Thank you. We will now be conducting a question and answer session. If you would like to ask a question, please press star 1 on your telephone keypad. A confirmation tone will indicate your line is in the question queue. You may press star 2 if you would like to remove your question from the queue. For participants using speaker equipment, it may be necessary to pick up your handset before pressing the star keys. One moment please while we poll for questions.
Thank you.
Our next, our first question comes from the line of John Tan Wangtang with CGS Securities. Please proceed.
Hi, good morning. Thank you for taking my questions and congrats on the nice quarter, especially on the inorganic front. And Joe, I'm glad to hear you're going to be staying with us for a couple more years. My first question, if you could, was just help us understand the trailing revenue trends at Mars and if you saw a similar impact there. Was it more in line with the organic performance you saw in the quarter or is this more similar to Aspen? I think you called out in your comments that it was more of a repair business. I was wondering if you could help us understand how that business performed in the most recent data you have relative to the market trends we've been seeing.
Sure, John. I appreciate it. This is James. Thanks for being on as always. Appreciate your support and good questions. Yeah, Mars has seen general trends. I'd say it's a little more like organic, but it's kind of between the two. Yeah, they are a little more weighted towards repair. Aspen is primarily repair. Mars is weighted more towards repair, but it also goes into the replacement market, so it's kind of a blend. So it would really kind of be between our two numbers is what we've seen the last few months, I'd say, as cleanly as anything.
Okay. Could you speak to the growth rate that they've seen over the last 12 months?
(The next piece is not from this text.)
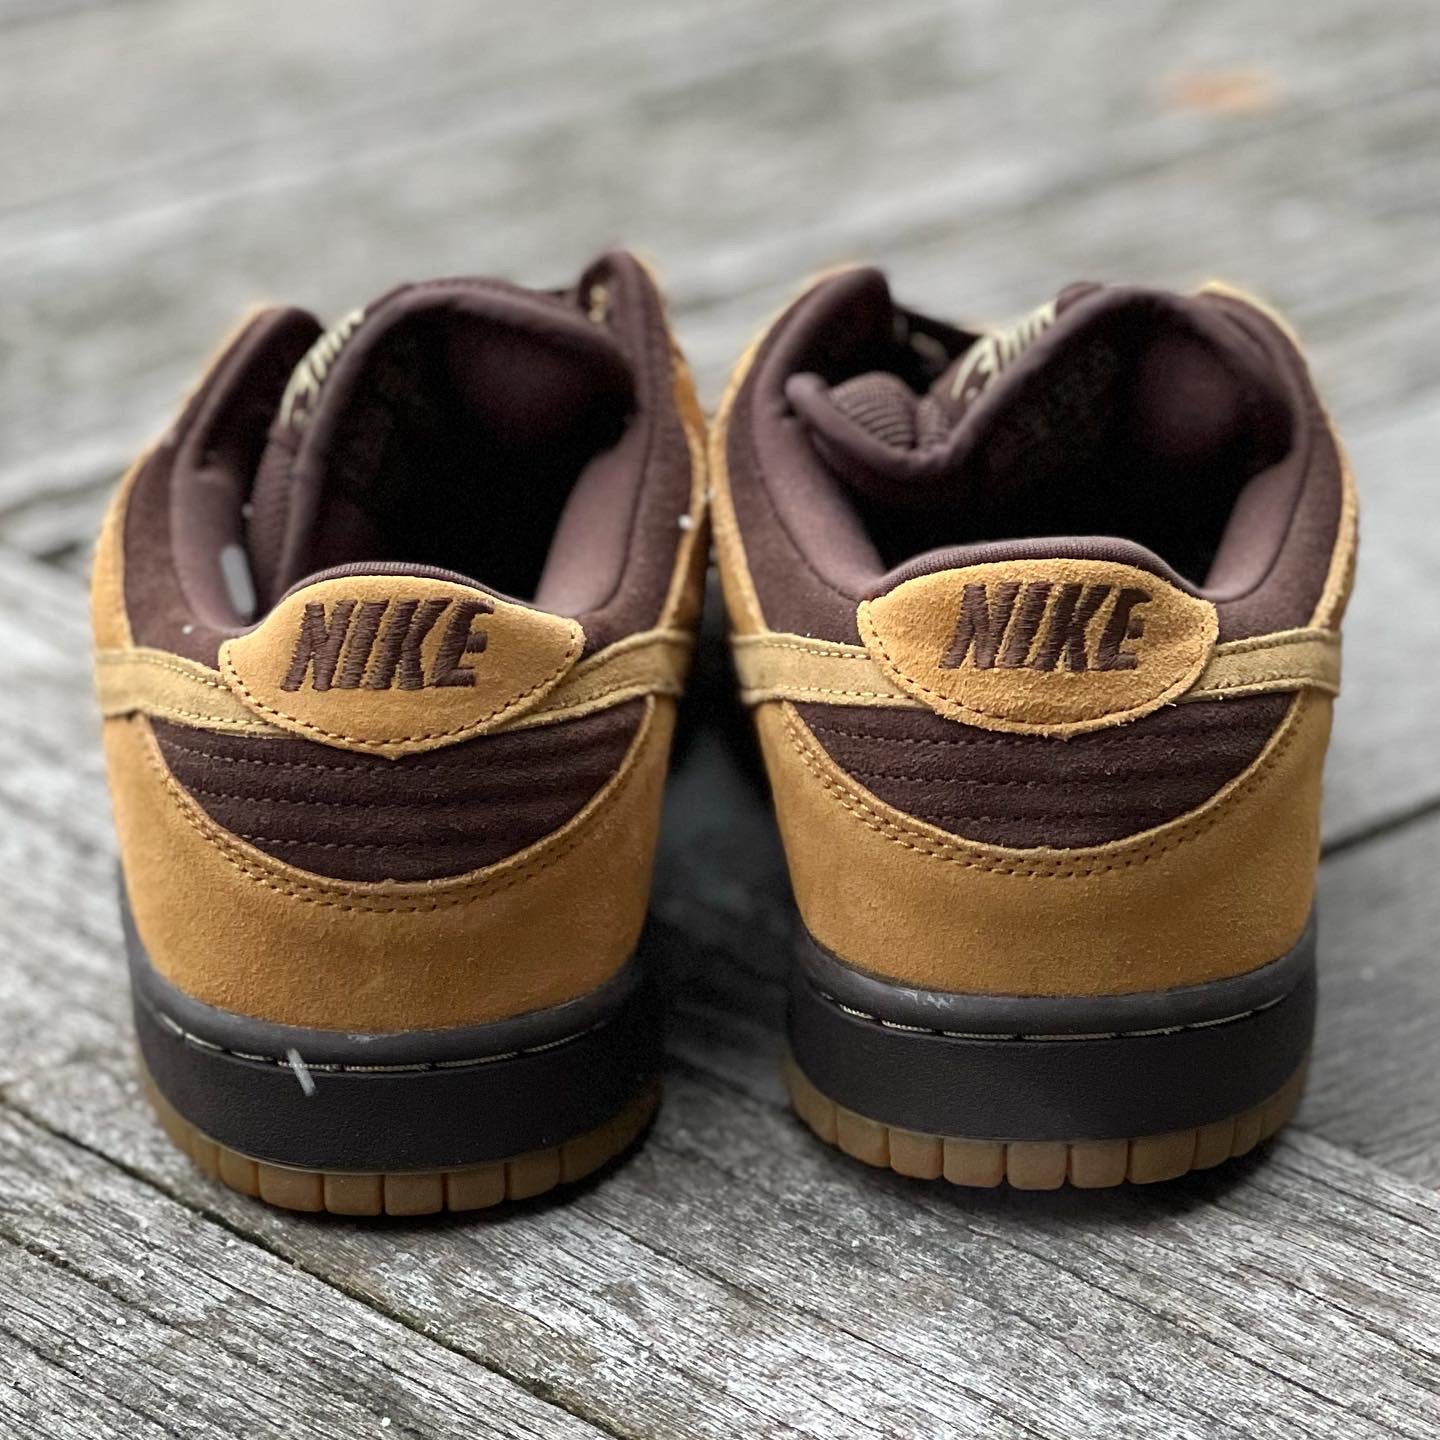 Nike SB Dunk Low Brown Pack Size 10.5

I don't want to get that specific quite yet. You know, I'll say until they get into our system and we kind of conform things in the same way to report, I couldn't say much. But, you know, they have seen a bit of a tailwind from the repair business. We will say that year over year. You know, but until we report things quite the same way, it'd be hard to get too specific yet. Once we get the transaction closed, we'll be able to provide a little more information as we conform everything to our system.
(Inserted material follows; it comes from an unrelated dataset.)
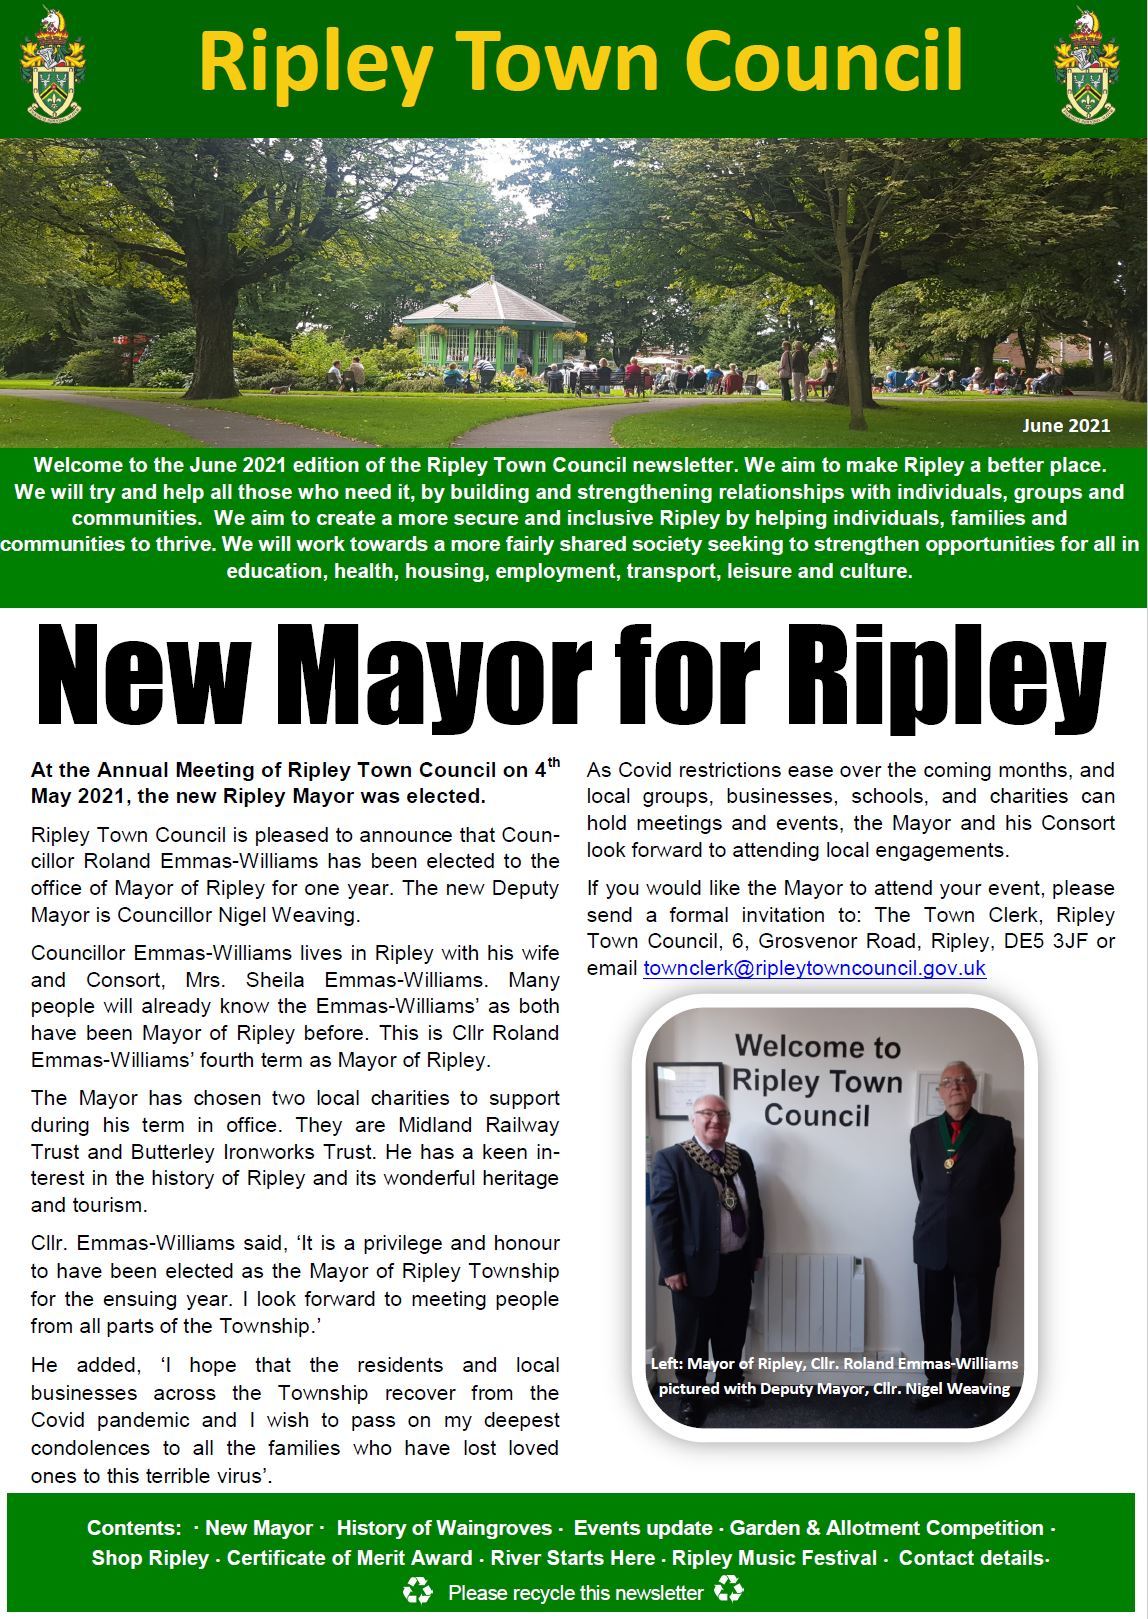 Ripley Town Council June newsletter 2021 New Mayor article photo of Mayor and Deputy Mayor

Okay, fair enough. And then as we look forward, what are your expectations on the business? from a growth and accretion perspective, and especially if you add your synergies, what are you expecting from that front? I think you had a target of getting that business to above 30% even margins. Help us understand what it takes to get there.
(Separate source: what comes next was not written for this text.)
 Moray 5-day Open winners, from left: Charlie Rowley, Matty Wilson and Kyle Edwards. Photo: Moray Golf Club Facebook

Yeah, you're right. You know, we've said that Mars is a little over $200 million of revenue. Its margins right now are in the mid-20s. The synergies alone that we highlighted of $10 million, most of which will be front-end loaded in the first couple quarters, will get us right on top of that 30% number. So that'll get us up into the, you know, 60-plus million of EBITDA, that kind of ballpark, on a trailing 12 when we look back. And that 30%, keep in mind, is going to kind of be a run rate a year from now. It's not necessarily going to be a trailing number this time next year, but that'll be the run rate. And then we've got an opportunity above and beyond that. The team is working hard on finding other cost opportunities, things like freight, those kind of things. Obviously, as we get it in our system, we fully expect to have some revenue upside. As more and more of our customers, the feedback we've gotten has been very positive with our ownership of Mars Parts and their likelihood to move more business over to us. That's not factored into that $10 million of synergy. So our first goal is to get to 30% run rate, you know, kind of this time next year, right after we, you know, on the anniversary of closing. And then I think we have opportunity to get it even closer to our historical contractor solutions margins as we bring it under our umbrella, John.
And John, this is Joe. Just to reiterate what James said, you know, in my script, I said, this acquisition fits nicely into our kind of strategy to grow faster than the markets we serve. Mars is consistent. will be consistent with that. There will be, you know, mid- to high-single-digit organic growth rates, as we've said all along in our business. Mars will fit into that once they're in our system. There is top-line growth opportunity there, and that top-line growth opportunity is not part of our $10 million in synergies.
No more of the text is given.